Humor vanuit het thema superioriteit zien we terug bij de Controller, de Strijder en de Innerlijke Criticus/ Judge. Het doel van de controller is om de regie (controle!) te behouden. In therapie of coaching wil hij een bepaalde angst of kwetsbaarheid vermijden. De controller wil iets niet laten zien. De Controller zet humor in om zelf maximaal te blijven bepalen wat hij van zichzelf laat zien aan zijn omgeving. Zo zien we deze grapjes maken om de aandacht van de coach af te leiden en deze te beïnvloeden. Bijvoorbeeld: “Ik ben goed in gedachten lezen. Ik zeg altijd: “Try me!” dat hij het de volgende keer beter zal doen. Je voelt echter dat hij achter zijn rug zijn vingers gekruist heeft: telt niet!
De strijder is er op uit om te winnen. De strijder zien we anderen aanvallen. Bijvoorbeeld door schamper te lachen om suggesties die de coach doet. Voor de Strijder geldt, dat deze pas recht van bestaan heeft, als hij wint. Bij deze en de volgende subpersoonlijkheid komen we vileine, afbrekende humor en sarcasme tegen.
De Innerlijke Criticus/ Judge is de derde bij wie Superioriteit het grondthema is. Zij zijn de criticasters, de vileine recensenten die constant oordelen over ons functioneren. Het grote verschil tussen de Innerlijke Criticus en de Judge is dat de Innerlijke Criticus naar binnen gericht is en met de zweep klaarstaat ten aanzien van de eigen fouten. De Judge is dezelfde instantie, maar dan naar de buitenwereld gekeerd. De Innerlijke Criticus/ Judge wijzen (vaak cynisch of sarcastisch) fouten aan om zo zichzelf of de ander belachelijk te maken. Doordat de Innerlijke Criticus zichzelf afwijst, is hij anderen voor om hem af te wijzen. De Judge speelt de fouten naar buiten toe uit. Dat kan verbaal, maar ook non-verbaal (smalend lachje, opgetrokken wenkbrauw) gebeuren. De Judge legt alle kritiek buiten zichzelf en zoekt naar fouten in de buitenwereld. Hoe fouter de buitenwereld, hoe beter de persoon over zichzelf kan voelen. Als deze subpersoonlijkheid dominant is, is er veelal sprake van een vorm van afhankelijke eigenwaarde.
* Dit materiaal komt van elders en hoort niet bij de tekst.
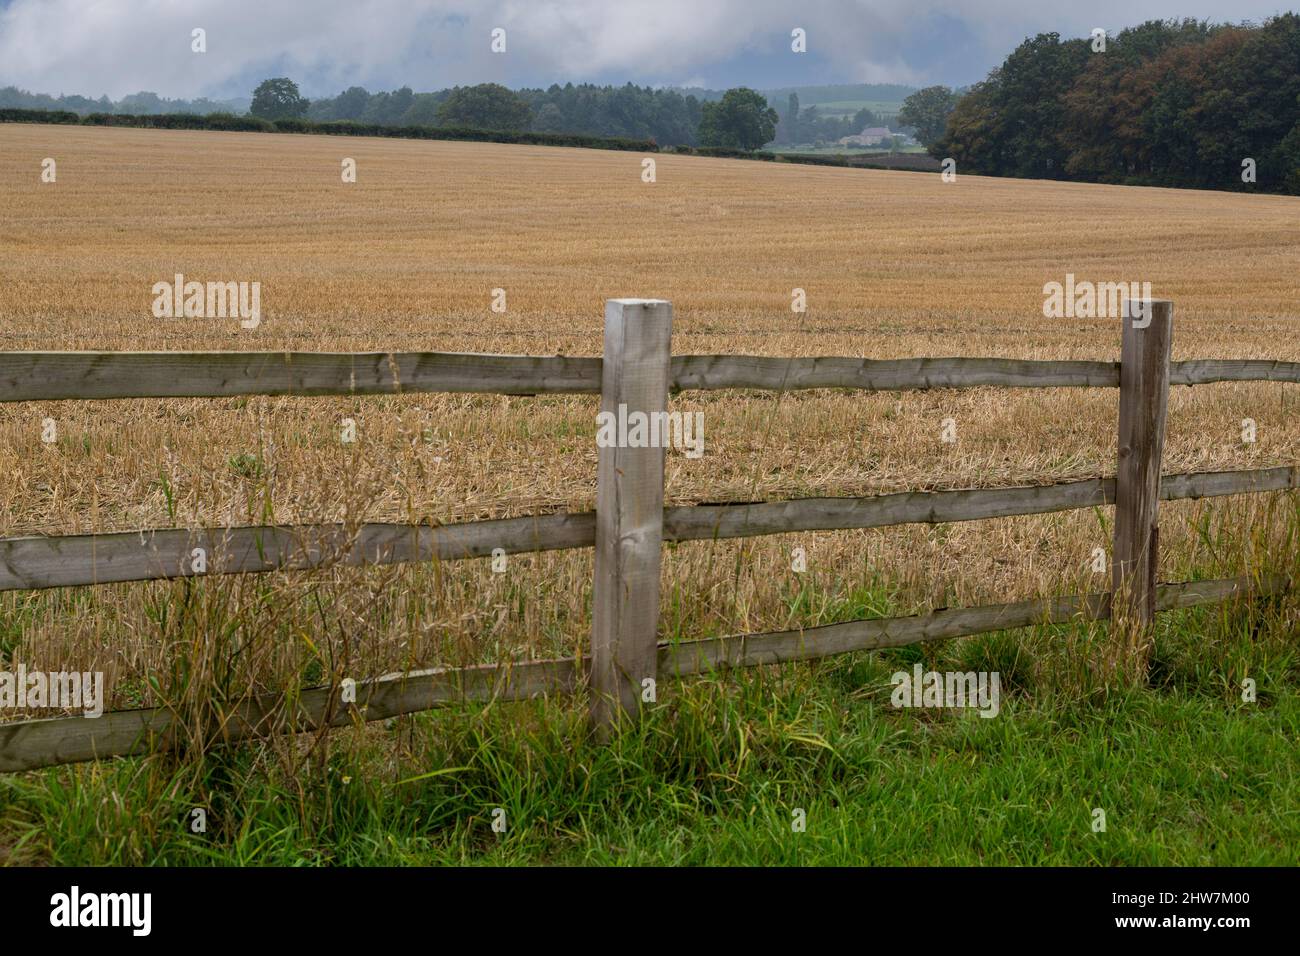 Royaume-uni, Angleterre, dans le Yorkshire. Le Yorkshire, terres agricoles Farm House dans la distance. Banque D'Images

Het ontladen middels humor zien we het sterkste terugkomen bij de Pleaser. De Pleaser zal lichte, grappige humor gebruiken, om alle mogelijke spanningen zo veel mogelijk te reduceren: “Gezelligheid kent geen tijd. Maar ik heb wel trek in een kopje thee!”. Hij gebruikt humor om de confrontatie te vermijden. Hij is degene die tijdens de coaching bijvoorbeeld grapjes gebruikt om te voorkomen dat er stiltes vallen. Zijn grapjes hebben als doel dat hij aardig gevonden blijft worden en hij is er op uit om met zijn humor het de ander zo goed mogelijk naar zijn zin te maken.
Afhankelijk van de subpersoonlijkheid krijgt de humor zijn lading en betekenis: zo kan zwarte humor of zogenaamde Joodse humor grote opluchting brengen bij lijden. Het kan voor een gezonde dosis zelfspot en relativeringsvermogen zorgen. Verschillende stand-up comedians, zoals Eddy Murphy, gebruiken deze vorm van humor om taboeonderwerpen aan te snijden. Hierdoor maken ze een energie vrij die tot dat moment geblokkeerd was. Vanuit Voice Dialogue praten we dan over energie van verstoten subpersoonlijkheden die vrijkomt. Wordt deze humor echter door een andere subpersoonlijkheid gekanaliseerd, dan wordt deze catharsis vermeden en raakt de humor vervormd tot een zwaar cynisch signaal, zonder dat er enige vorm van bevrijding is.
De Trickster
Nu we een overzicht hebben van humor, de functie ervan en hoe we die kunnen koppelen aan een aantal subpersoonlijkheden, is het tijd om één subpersoonlijkheid verder onder de loep te nemen. Degene die humor het meest subtiel gebruikt: de Trickster. Wat typeert en beweegt een Trickster en hoe ga je in de coaching om met de Trickster als juist deze subpersoonlijkheid de verdere ontwikkeling van de cliënt in de weg zit? In Voice Dialogue werken we er naar toe dat cliënten niet langer gevangen zitten in één van hun subpersoonlijkheden, maar dat we de kwaliteiten die al deze ikken herbergen, vrijelijk kunnen kiezen vanuit een nieuwe positie. Deze nieuwe positie noemen we Bewust Ego. Het gaat om die instantie die vrij zicht heeft op een veel groter spectrum van subpersoonlijkheden en bewust kiest welk deel wanneer aan de beurt is.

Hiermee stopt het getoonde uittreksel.